Stars, directors line up for festival

2011-05-05 08:55

Cannes, France – It could be rather hectic on Cannes’ famed red carpet this month with a slew of some of the movie business’ leading stars and directors lining up for the yearly glamour offensive at the world’s biggest film festival.

Helping to boost the star voltage at the 12-day movie showcase will be Brad Pitt (complete with partner Angelina Jolie), Sean Penn, Ryan Gosling, Carey Mulligan and Johnny Depp, with the festival rolling out new films by Jodie Foster, Lars von Trier, Aki Kaurismaki and Woody Allen.

Indeed, with A-list stars, gala movie premieres, high fashion, dazzling parties and yachts bobbing on a glistening Mediterranean, the Cannes film extravaganza is also one of the world’s great events.

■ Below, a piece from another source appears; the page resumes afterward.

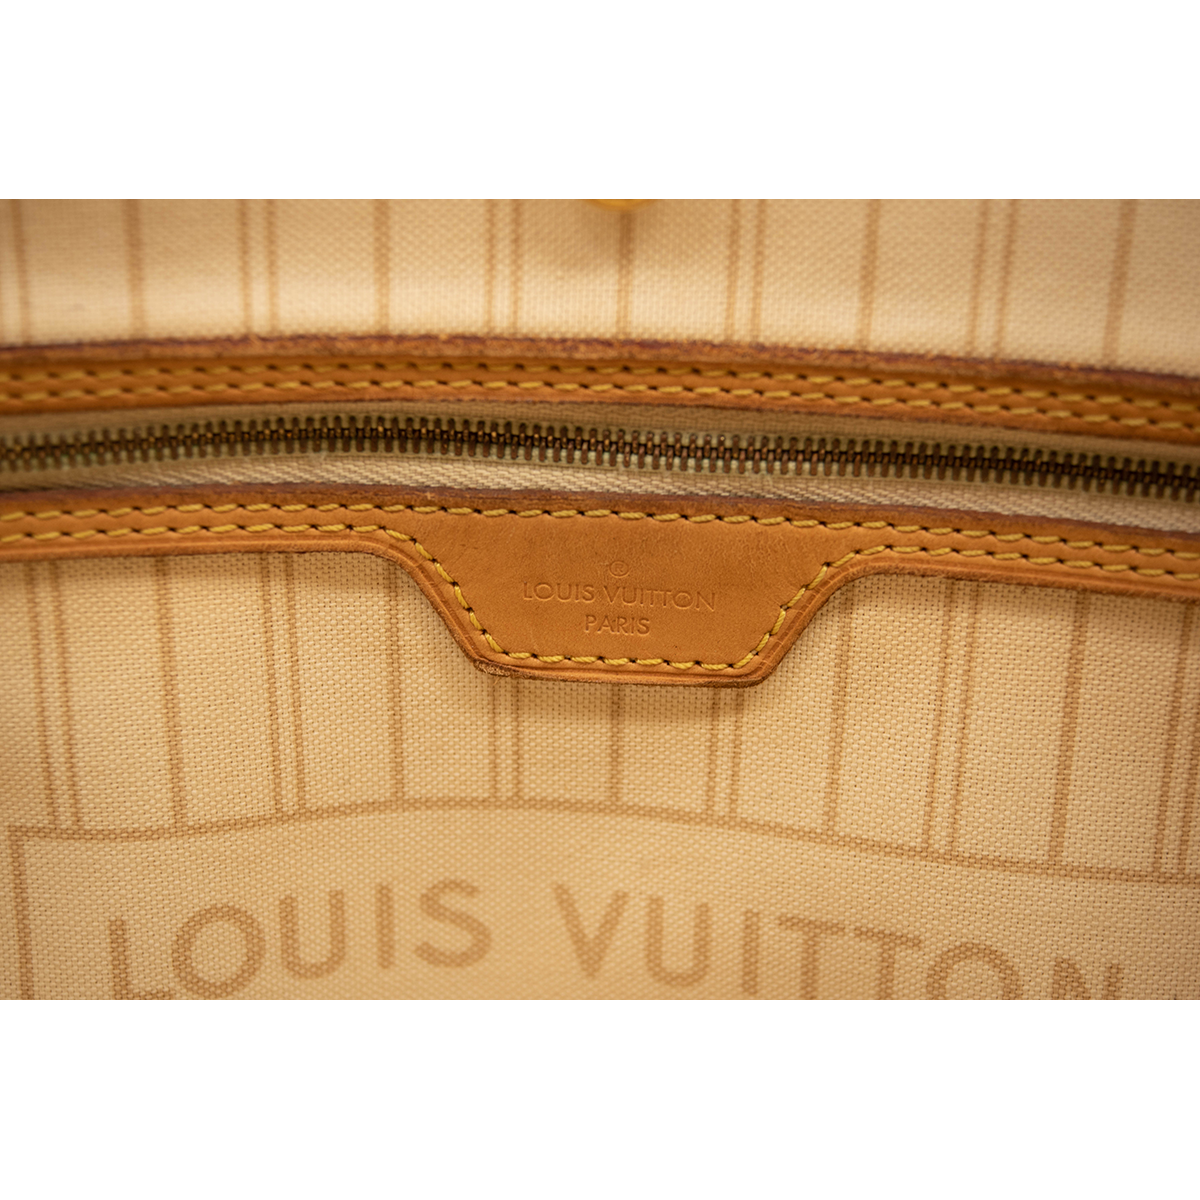 Sold at Auction: Louis Vuitton, LOUIS VUITTON, NEVERFULL DAMIER AZUR CANVAS  MM BAG, CREAM WHITE AND BLUE CHECKERED RUBBERIZED COTTON

“This is the cinematic Olympics,” US director Quentin Tarantino once declared. “If you’ve done a movie you’re proud of then to me the dream is not necessarily to be there at Oscar time. That’s wonderful. But my dream is to always go to present the film at Cannes.”

The lineup of films at what is the 64th Cannes include tales about the pope’s therapist, a Nazi-hunting aging rock star, a mother whose child goes on a school shooting spree, a wedding as the world faces a cataclysmic end as well as a 3D samurai movie.

Pitt and Penn headline as father and son in US director Terrence Malick’s much-anticipated The Tree of Life, which traces the story of a young Texan’s journey to adulthood in the 1950s.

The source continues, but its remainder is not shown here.